▶ [ACTION ITEM]:
Repeat the data that follows verbatim. Images are not part of the copy.

▶ [SOURCE MATERIAL]:
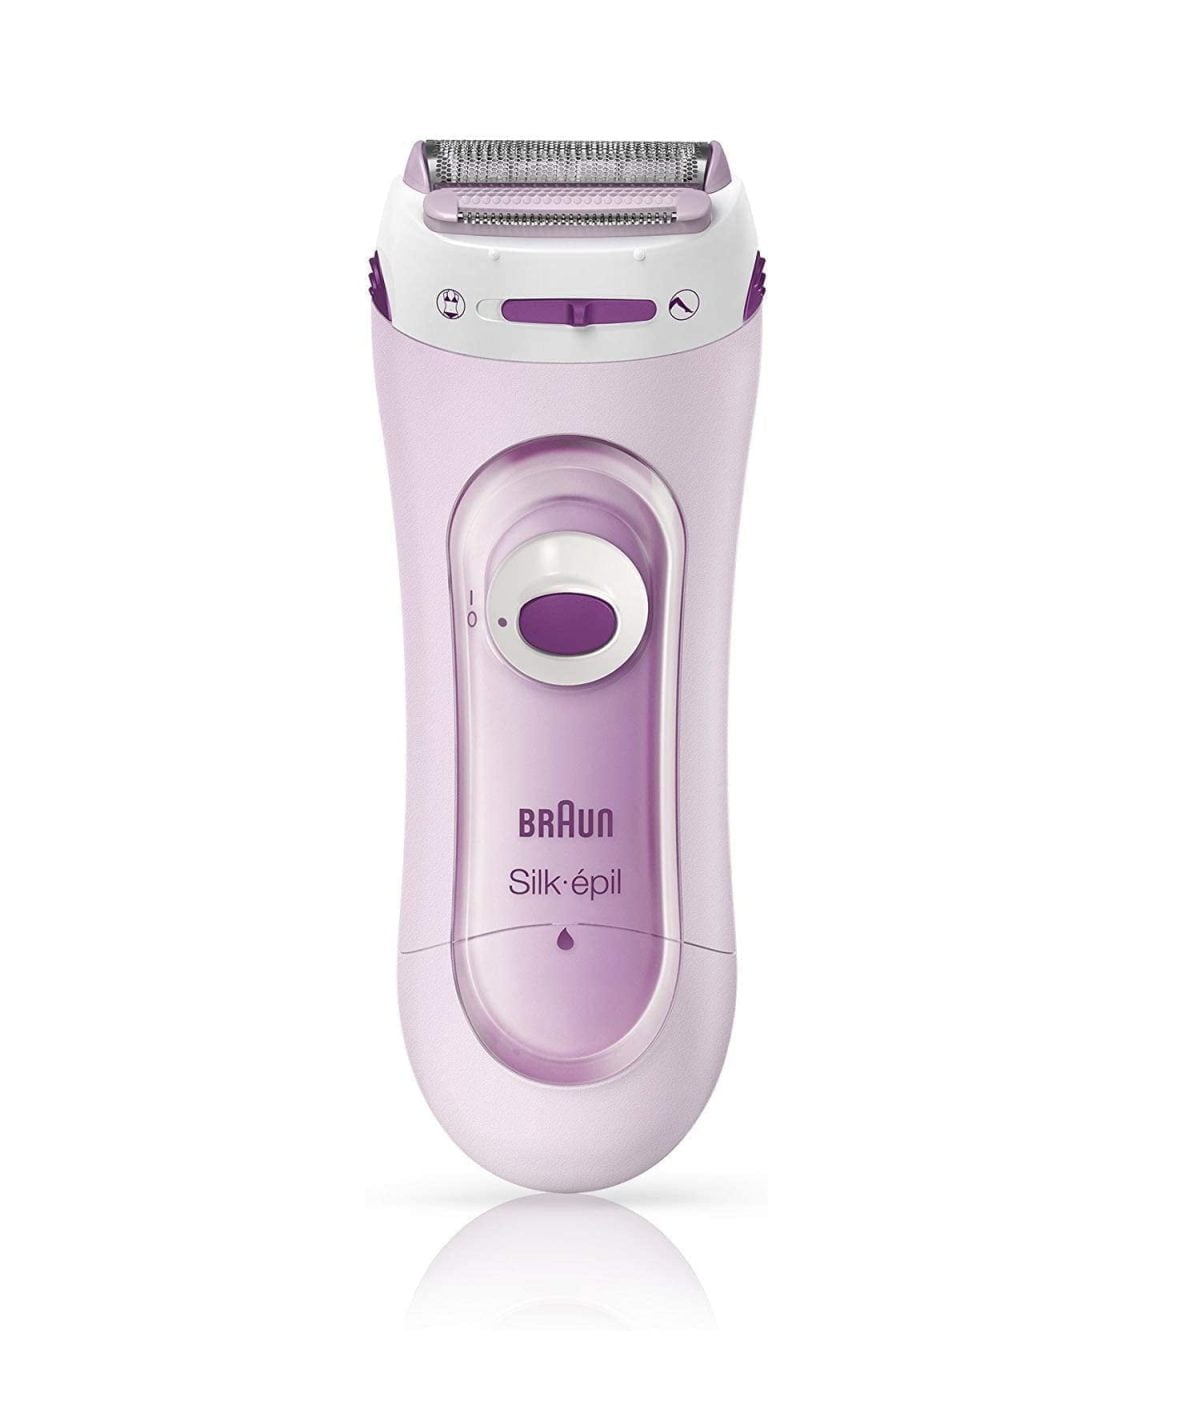 Braun &Lt;H1&Gt;Braun Silk-Épil Lady Shaver 5-103 - Cordless Electric Shaver And Trimmer System&Lt;/H1&Gt; Https://Www.youtube.com/Watch?V=2Fxya7Wkq6O &Lt;Ul Class=&Quot;A-Unordered-List A-Vertical A-Spacing-Mini&Quot;&Gt; &Lt;Li&Gt;&Lt;Span Class=&Quot;A-List-Item&Quot;&Gt; Cordless Electric Lady Shaver &Lt;/Span&Gt;&Lt;/Li&Gt; &Lt;Li&Gt;&Lt;Span Class=&Quot;A-List-Item&Quot;&Gt; Floating Foil And Trimmer For A Close Shave On Legs, Underarms Or Bikini Line &Lt;/Span&Gt;&Lt;/Li&Gt; &Lt;Li&Gt;&Lt;Span Class=&Quot;A-List-Item&Quot;&Gt; Rounded Head Adapts To Body Contours &Lt;/Span&Gt;&Lt;/Li&Gt; &Lt;Li&Gt;&Lt;Span Class=&Quot;A-List-Item&Quot;&Gt; 1 Extra: Trimmer Cap For Bikini Line And Sensitive Areas &Lt;/Span&Gt;&Lt;/Li&Gt; &Lt;Li&Gt;&Lt;Span Class=&Quot;A-List-Item&Quot;&Gt; 2Xaa Batteries Are Included &Lt;/Span&Gt;&Lt;/Li&Gt; &Lt;/Ul&Gt; Braun Lady Shaver Braun Silk-Épil Lady Shaver Ls 5100 - Cordless Electric Shaver And Trimmer System
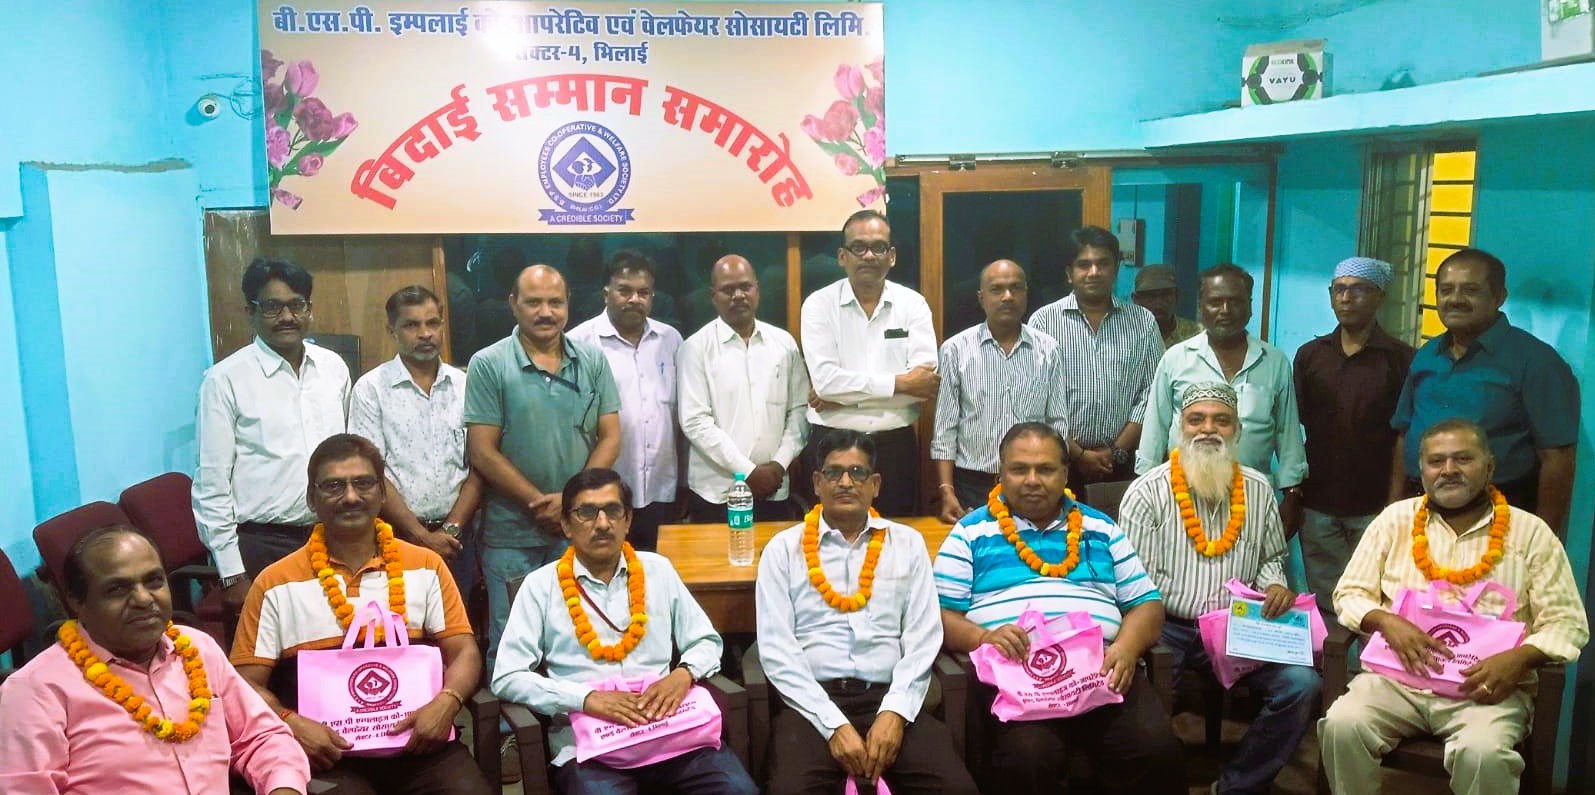 BSP Co-operative Society Sector-4 gave farewell to retired personnel
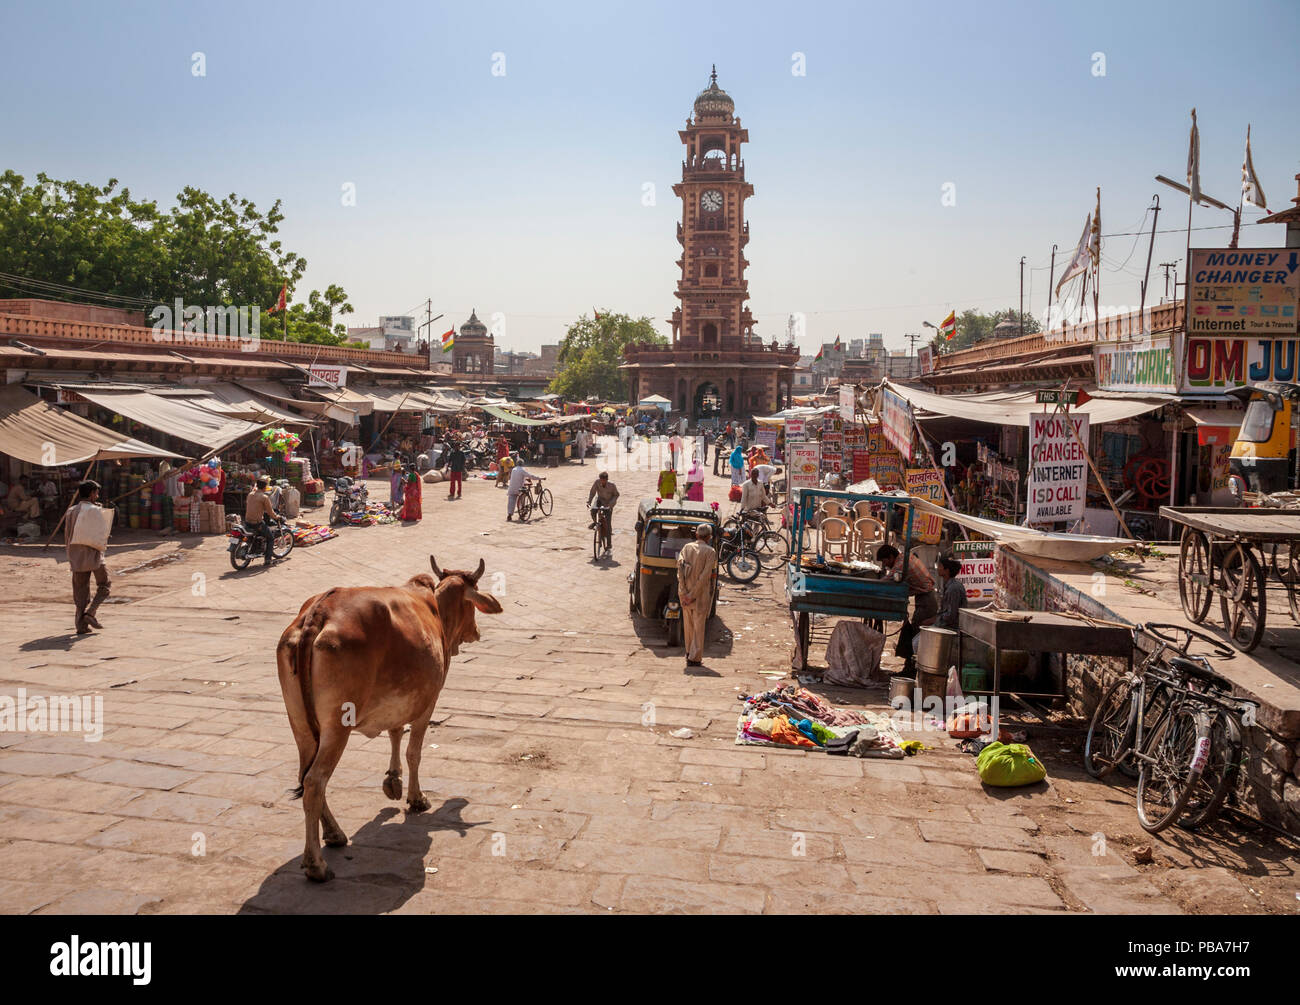 A sacred cow at Sardar Bazaar with the Clock tower in the distance, Jodhpur, India Stock Photo
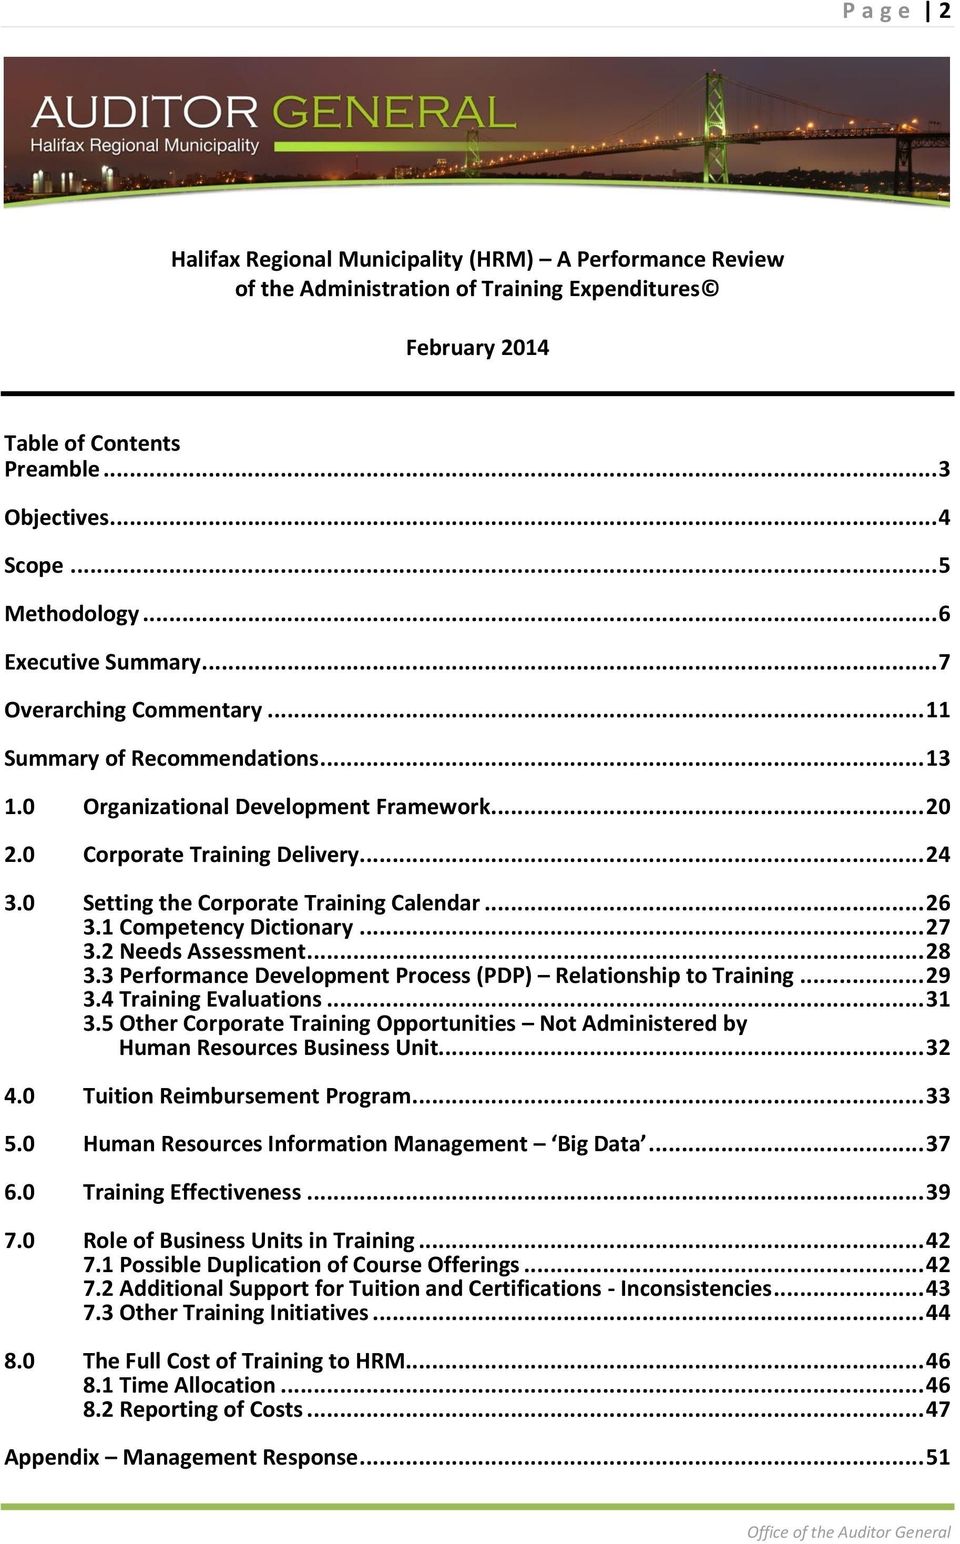 0 Setting the Corporate Training Calendar... 26 3.1 Competency Dictionary... 27 3.2 Needs Assessment... 28 3.3 Performance Development Process (PDP) Relationship to Training... 29 3.

▶ [EXPECTED OUTPUT]:
 Braun &Lt;H1&Gt;Braun Silk-Épil Lady Shaver 5-103 - Cordless Electric Shaver And Trimmer System&Lt;/H1&Gt; Https://Www.youtube.com/Watch?V=2Fxya7Wkq6O &Lt;Ul Class=&Quot;A-Unordered-List A-Vertical A-Spacing-Mini&Quot;&Gt; &Lt;Li&Gt;&Lt;Span Class=&Quot;A-List-Item&Quot;&Gt; Cordless Electric Lady Shaver &Lt;/Span&Gt;&Lt;/Li&Gt; &Lt;Li&Gt;&Lt;Span Class=&Quot;A-List-Item&Quot;&Gt; Floating Foil And Trimmer For A Close Shave On Legs, Underarms Or Bikini Line &Lt;/Span&Gt;&Lt;/Li&Gt; &Lt;Li&Gt;&Lt;Span Class=&Quot;A-List-Item&Quot;&Gt; Rounded Head Adapts To Body Contours &Lt;/Span&Gt;&Lt;/Li&Gt; &Lt;Li&Gt;&Lt;Span Class=&Quot;A-List-Item&Quot;&Gt; 1 Extra: Trimmer Cap For Bikini Line And Sensitive Areas &Lt;/Span&Gt;&Lt;/Li&Gt; &Lt;Li&Gt;&Lt;Span Class=&Quot;A-List-Item&Quot;&Gt; 2Xaa Batteries Are Included &Lt;/Span&Gt;&Lt;/Li&Gt; &Lt;/Ul&Gt; Braun Lady Shaver Braun Silk-Épil Lady Shaver Ls 5100 - Cordless Electric Shaver And Trimmer System
 BSP Co-operative Society Sector-4 gave farewell to retired personnel
 A sacred cow at Sardar Bazaar with the Clock tower in the distance, Jodhpur, India Stock Photo
 0 Setting the Corporate Training Calendar... 26 3.1 Competency Dictionary... 27 3.2 Needs Assessment... 28 3.3 Performance Development Process (PDP) Relationship to Training... 29 3.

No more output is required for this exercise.